Considering slower trains, and still violating Prop. 1A mandates

By Katy Grimes, May 22, 2019 4:08 pm

Since 2012, California politicians and the High Speed Rail Authority have wanted to build any part of the California High-Speed Rail system in order to get $3.5 billion in federal stimulus money. The various plans looked more like a whack-a-mole game. But every hole plugged, every detail softened or tweaked, and every cost estimate that is changed has only caused bigger problems.

Since 2012, the HSRA has been violating important mandates in the 2008 law.

Proposition 1A, $9 billion in bonds for high-speed rail, included numerous mandates, none of which can be legally bypassed on the way to building the massive train system. The HSRA has ignored the initiative mandates, as has the Legislature.

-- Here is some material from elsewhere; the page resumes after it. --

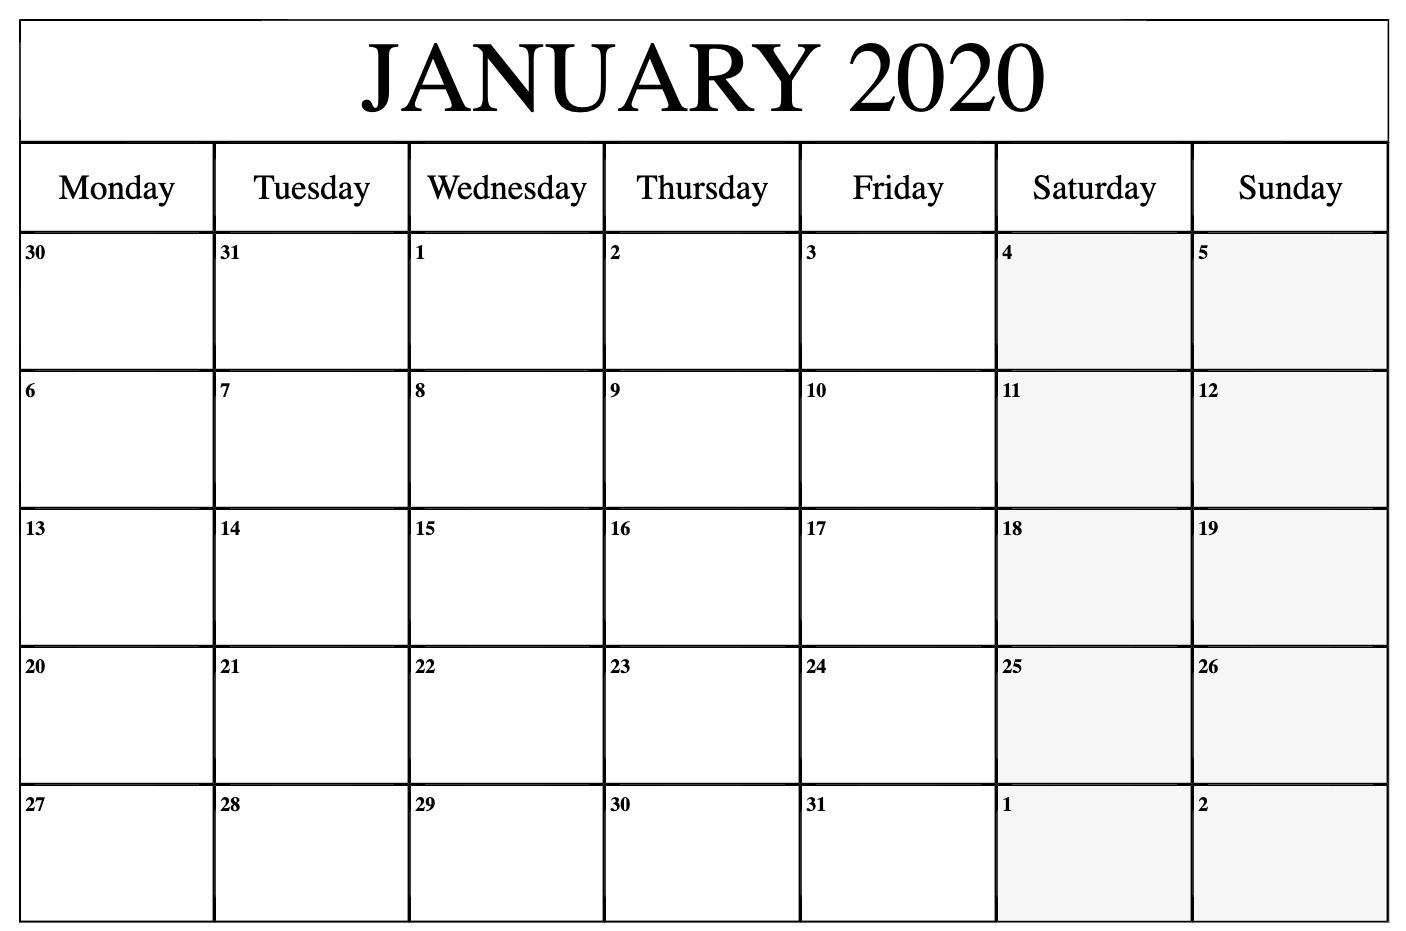 January 2020 Calendar Printable Template In Pdf Word Excel

Top on the list is that the rail system must be high-speed. “Electric trains that are capable of sustained maximum revenue operating speeds of no less than 200 miles per hour,” the law states. However, much of the first segment planned between Fresno and Bakersfield was not high-speed, nor would be high-speed be attainable in dense cities.

Yet then-Rail Authority Chairman Dan Richard said numerous times at legislative hearings since 2012 that the Rail Authority “never intended, nor does the business plan does contemplate that we would operate a high-speed rail system only in the Central Valley.”

There is actually a much bigger story here. Not only did the federal government say they are pulling the $928 million, but they said they are not going to cooperate with the project going forward at all. Yet the HSRA continued to say that in order to complete the project they need a federal partner.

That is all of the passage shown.